Los diálogos íntimos entre amantes mientras dura el primer período de la posesión, son exclusivamente amorosos: ella se despepita en juramentos, él se deshace en promesas, ella fantasea proyectos para lo futuro, él pone por las nubes su dicha y su agradecimiento… como si aquello no hubiese de acabar nunca; hasta que llega una época en que, sin prescindir de hablar y practicar amores, se habla también de otras cosas. El giro que entonces toman estas conversaciones a posteriori decide la suerte de los enamorados. Don Juan sabía todo esto por propia experiencia, y veía con espanto que cuando Cristeta hacía alguna alusión a lo porvenir, sus palabras eran tan sinceras y acusaban un amor tan hondo, que era imposible descubrir en ellas asomo de cálculo ni sombra de interés.
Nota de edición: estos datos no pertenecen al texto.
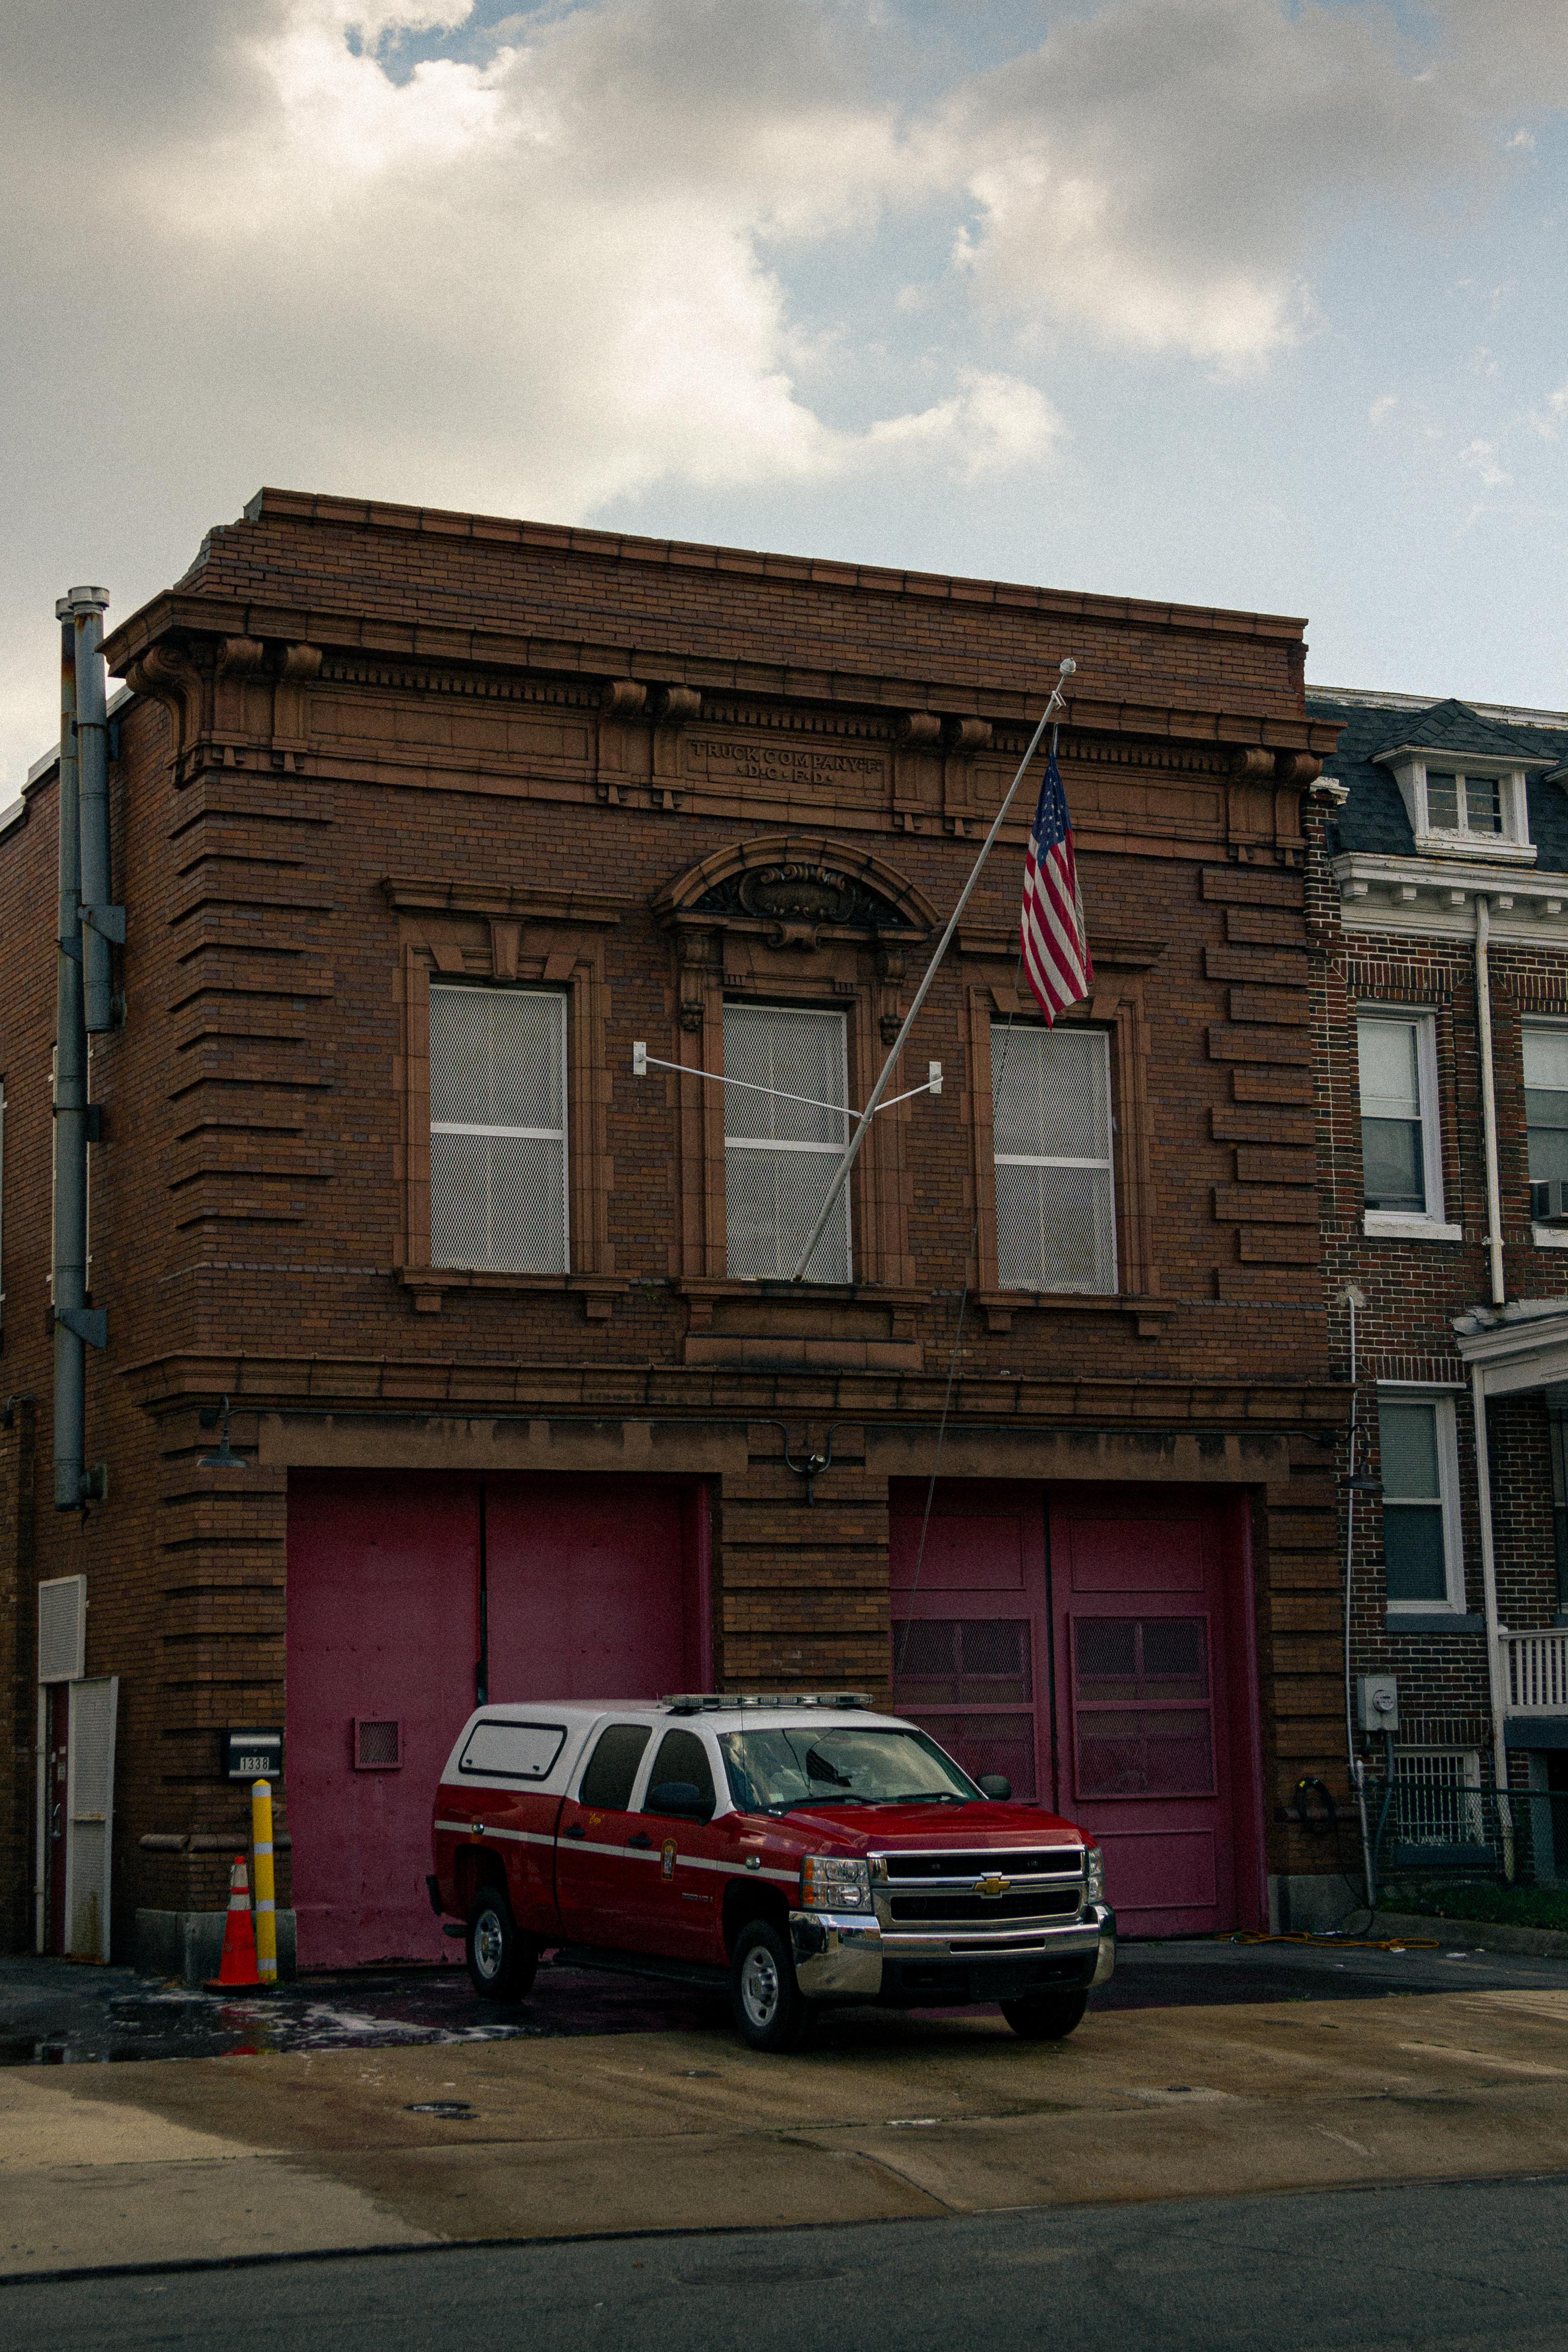 Fire Company F. in Washington D.C.

No cabía duda: aquella mujer alcanzaba la importancia de su nueva situación; no se dolía de lo ocurrido, ni denotaba la más remota veleidad de querer explotar su sacrificio, mas tampoco le cabía en la cabeza la sospecha de que pudiese ser víctima de una infamia. En resumen: don Juan llegó a convencerse de que la Providencia, o su buena suerte, le habían deparado un regalo digno del más afortunado mortal; pero un regalo al cual era imposible renunciar sin cometer una verdadera canallada.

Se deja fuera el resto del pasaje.